手机摄影中多摄融合理论详解与代码实战

手机摄影中多摄融合理论详解与代码实战，使用了ORB特征，仿射变换，光流计算，特征金字塔融合等常见图像处理算法，完成手机多摄融合过程模拟。

AI Studio

2185人浏览 · 2022-02-18 22:27:00

AI Studio · 2022-02-18 22:27:00 发布

转载AI Studio项目链接https://aistudio.baidu.com/aistudio/projectdetail/3465839

手机摄影中多摄融合理论详解与代码实战

前言

从2014年到现在，整个手机工业界都经历了天翻地覆的发展，不管是摄像头模组，还是手机芯片的算力，还是计算摄影的算法，都跟当年完全不一样了，最终效果也提高了很多。已经有不少手机厂商发布了在特定摄像头之间进行融合提升图像质量的产品。如下图所示：

理论环节

我们本次项目主要来看看一个广角镜头和一个长焦镜头融合时，会发生什么。先来看看原图。你可以明显看到，两个摄像头拍摄的画面在尺度上有明显的区别。如果我们仔细观察，还可以观察到它们不仅仅在尺度上有区别，由于两个摄像头的空间位置不同，所以实际上两个图像之间还有平移和旋转。

事实上，现在的手机模组组装形态多种多样，这就使得不同摄像头拍摄的图像之间空间和尺度差异也是多种多样的

因此，要把不同摄像头拍摄的图像进行融合，就需要分成如下的步骤了：

尺度对齐
像素对齐
图像融合

1. 尺度对齐

如果我们提前获取到两个摄像头的关键参数，包括焦距、像素尺寸、FOV等信息，那么是能够直接计算出图像的尺度差异的。即便是不知道上述参数，要对齐图像的尺度，也是很容易的一件事情：只需要先对图像做稀疏特征点的对齐，然后对其中一个图像做单应变换即可。如下图所示，两个图像的许多特征点被找到并匹配上，从而可以求取出它们之间的变换矩阵。右图中，红框部分的图像经过裁剪和放大，即可和左图保持尺度对齐了，当然也可以将左图缩小到右图红框的尺寸，具体是怎么做，实际上在产品执行中不同场景下会有不同的考量。

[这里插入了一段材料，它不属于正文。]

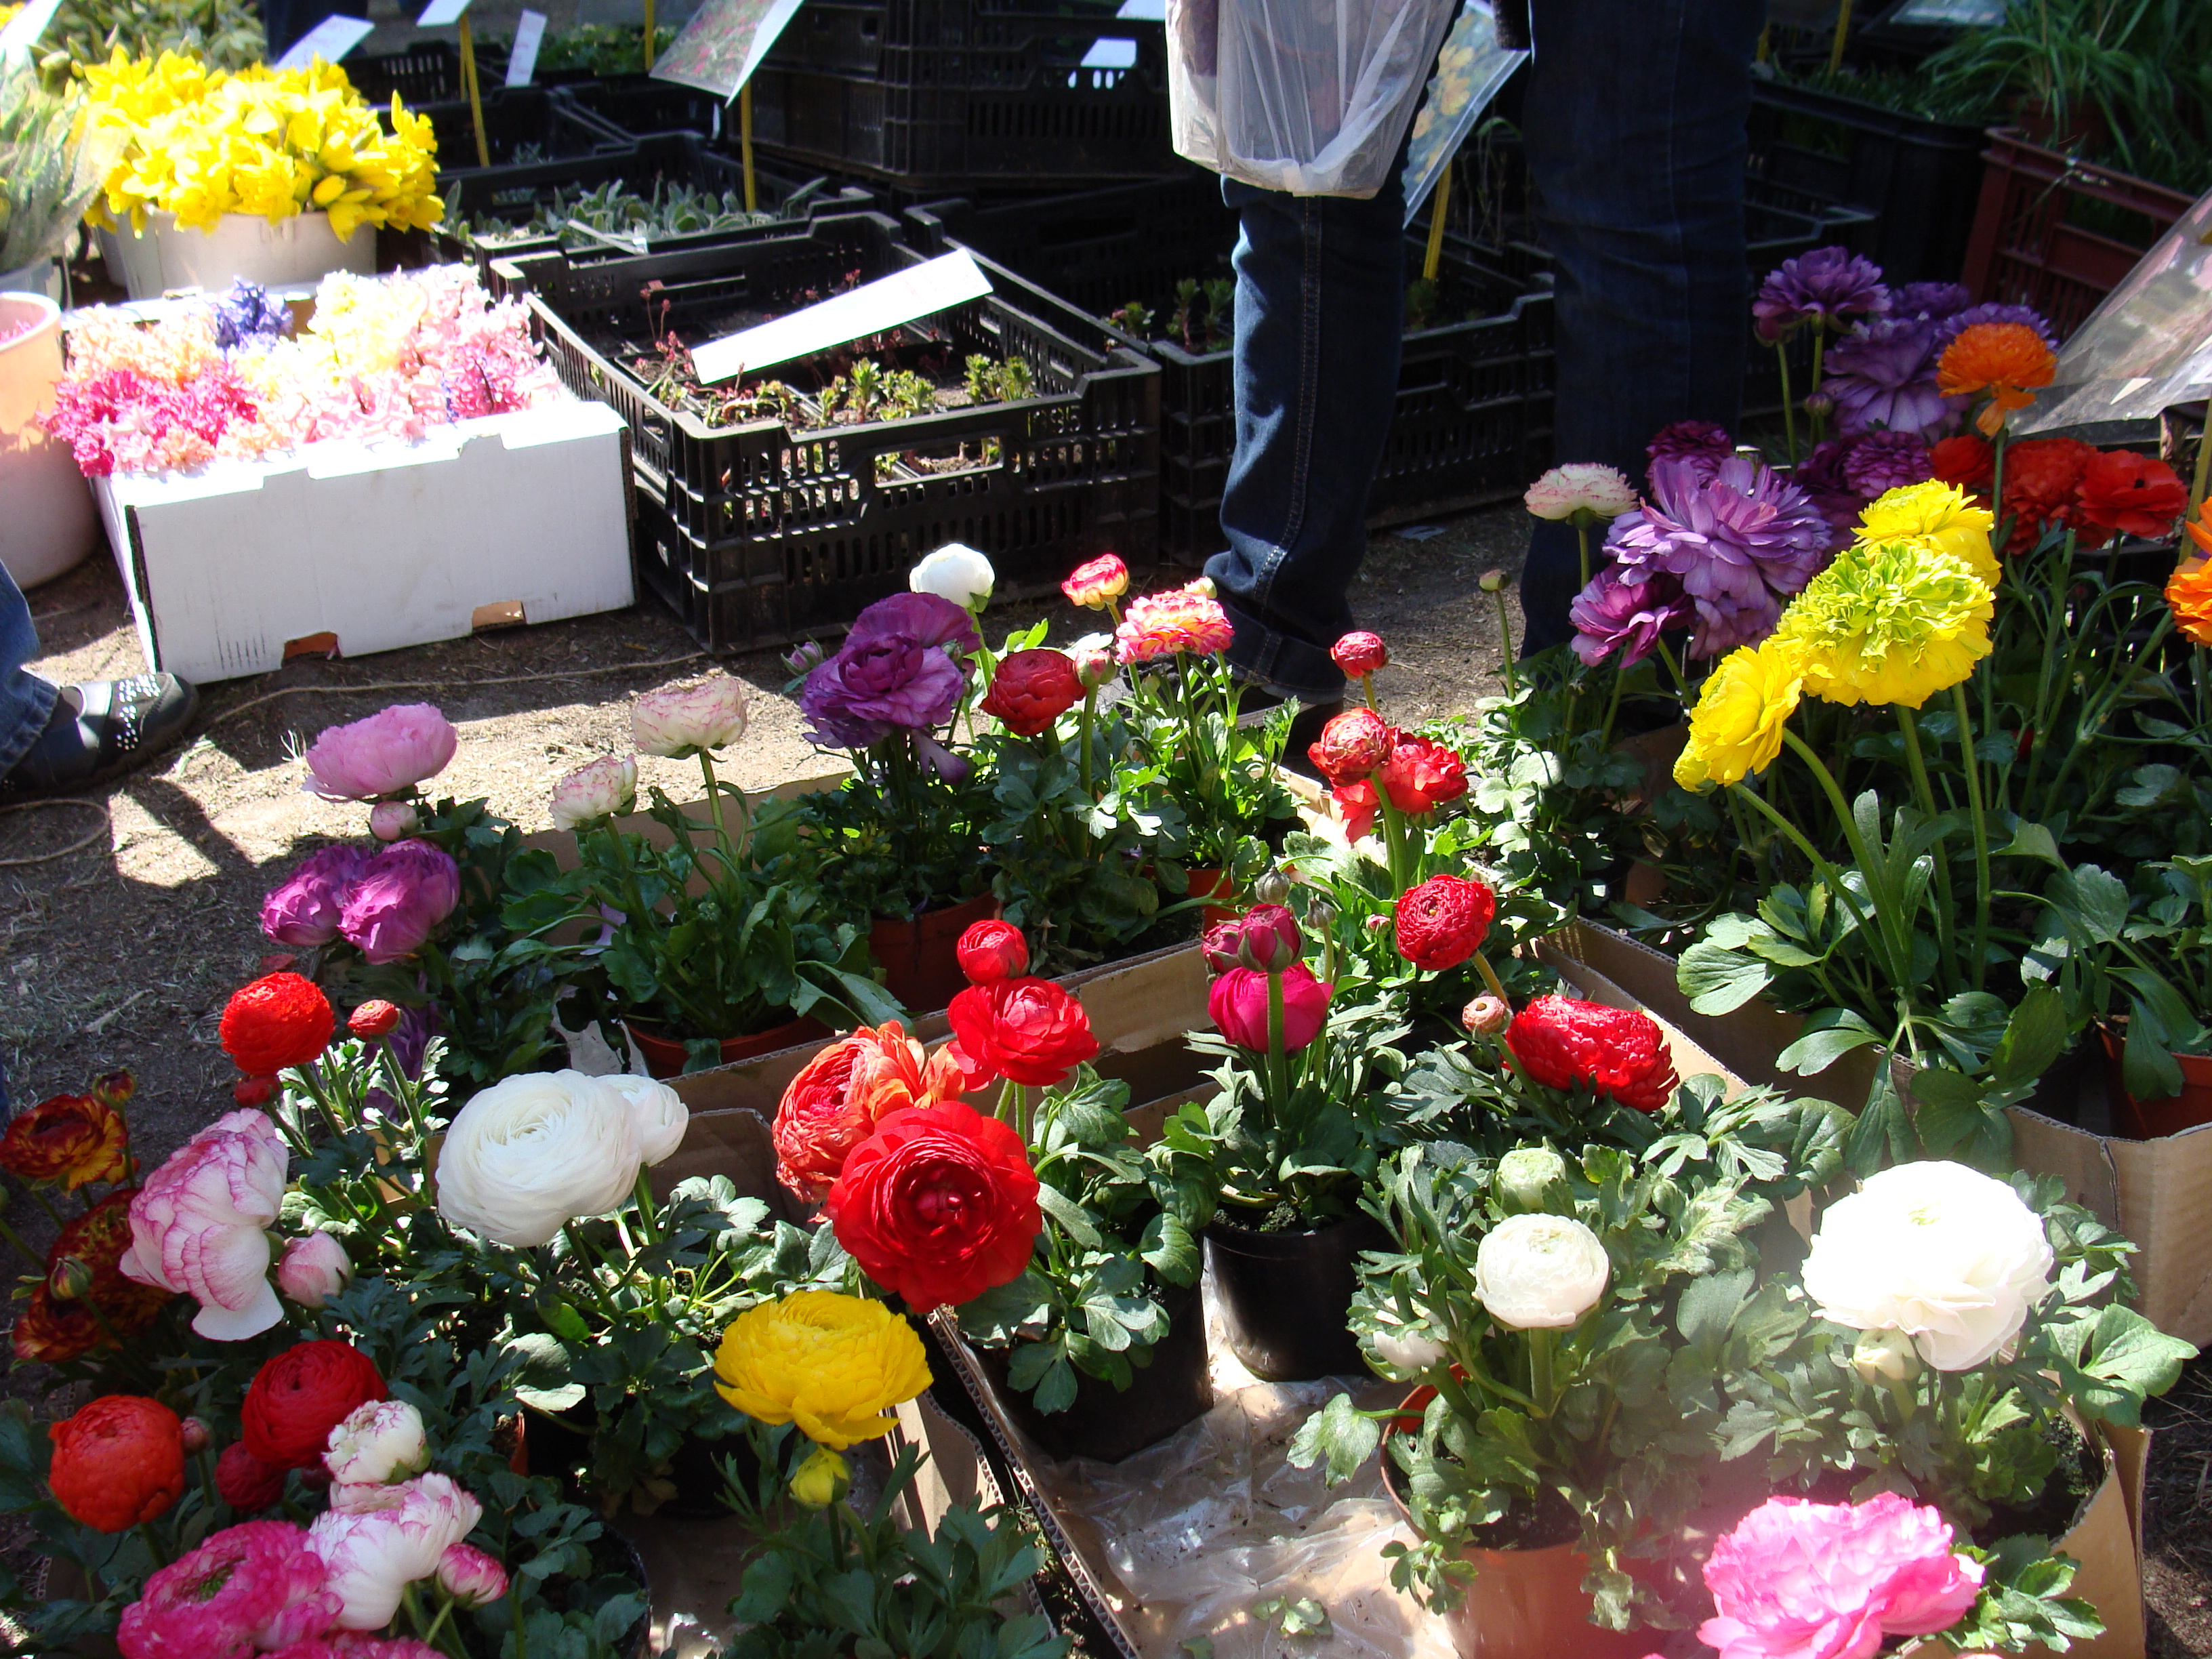 Wiosenne Targi Ogrodnicze „Pamiętajcie o ogrodach” już na stałe wpisały się w kalendarz wiosennych imprez w Olsztynie. Pierwsze odbyły się w 2009 roku

from __future__ import print_function
import cv2
import numpy as np


MAX_FEATURES = 500
GOOD_MATCH_PERCENT = 0.15


def alignImages(im1, im2):

  # Convert images to grayscale
  im1Gray = cv2.cvtColor(im1, cv2.COLOR_BGR2GRAY)
  im2Gray = cv2.cvtColor(im2, cv2.COLOR_BGR2GRAY)

  # Detect ORB features and compute descriptors.
  orb = cv2.ORB_create(MAX_FEATURES)
  keypoints1, descriptors1 = orb.detectAndCompute(im1Gray, None)
  keypoints2, descriptors2 = orb.detectAndCompute(im2Gray, None)

  # Match features.
  matcher = cv2.DescriptorMatcher_create(cv2.DESCRIPTOR_MATCHER_BRUTEFORCE_HAMMING)
  matches = matcher.match(descriptors1, descriptors2, None)

  # Sort matches by score
  matches.sort(key=lambda x: x.distance, reverse=False)

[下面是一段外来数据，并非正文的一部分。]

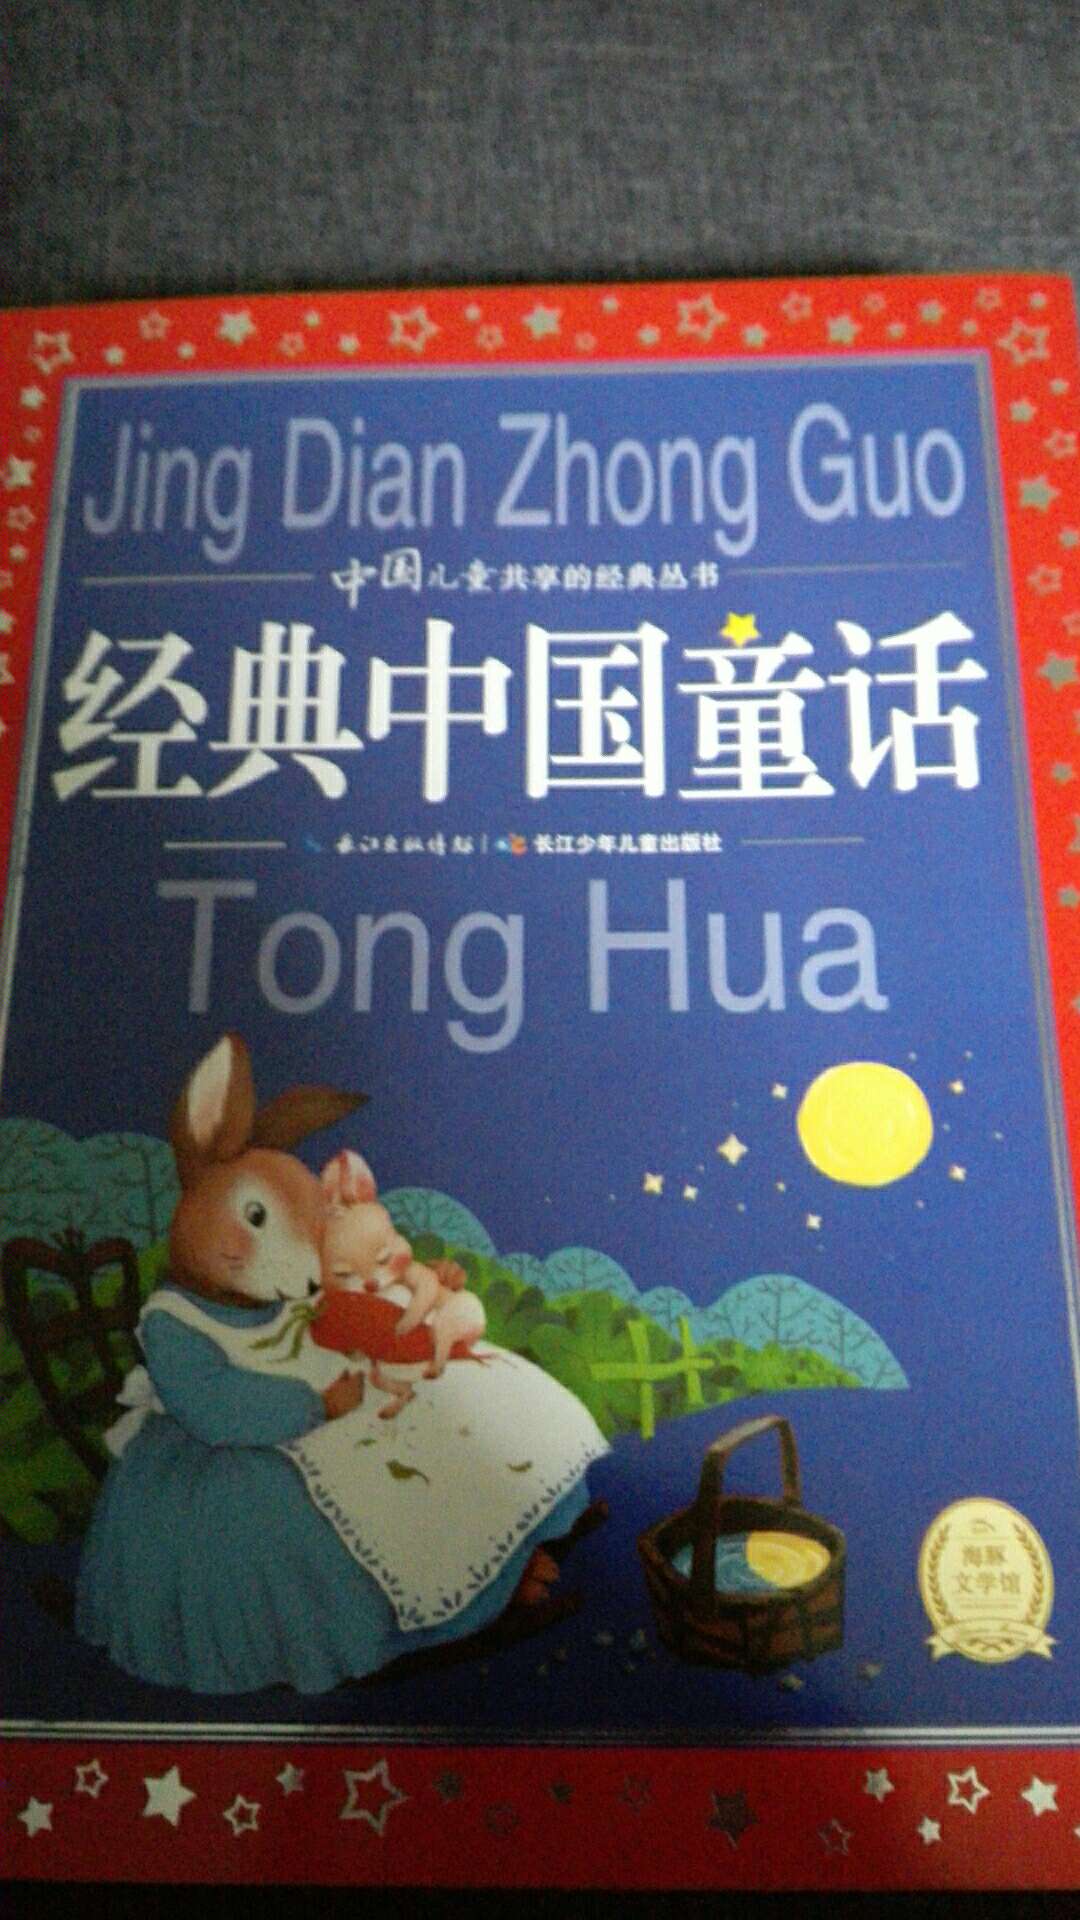 很喜欢这本经典中国童话书。纸质和画面都不错。

  # Remove not so good matches
  numGoodMatches = int(len(matches) * GOOD_MATCH_PERCENT)
  matches = matches[:numGoodMatches]

  # Draw top matches
  imMatches = cv2.drawMatches(im1, keypoints1, im2, keypoints2, matches, None)
  cv2.imwrite("matches.jpg", imMatches)

  # Extract location of good matches
  points1 = np.zeros((len(matches), 2), dtype=np.float32)
  points2 = np.zeros((len(matches), 2), dtype=np.float32)

  for i, match in enumerate(matches):
    points1[i, :] = keypoints1[match.queryIdx].pt
    points2[i, :] = keypoints2[match.trainIdx].pt

  # Find homography
  h, mask = cv2.findHomography(points1, points2, cv2.RANSAC)

  # Use homography
  height, width, channels = im2.shape
  im1Reg = cv2.warpPerspective(im1, h, (width, height))

  return im1Reg, h


if __name__ == '__main__':

  # Read reference image
  refFilename = "scanned-form.jpg"
  print("Reading reference image : ", refFilename)
  imReference = cv2.imread(refFilename, cv2.IMREAD_COLOR)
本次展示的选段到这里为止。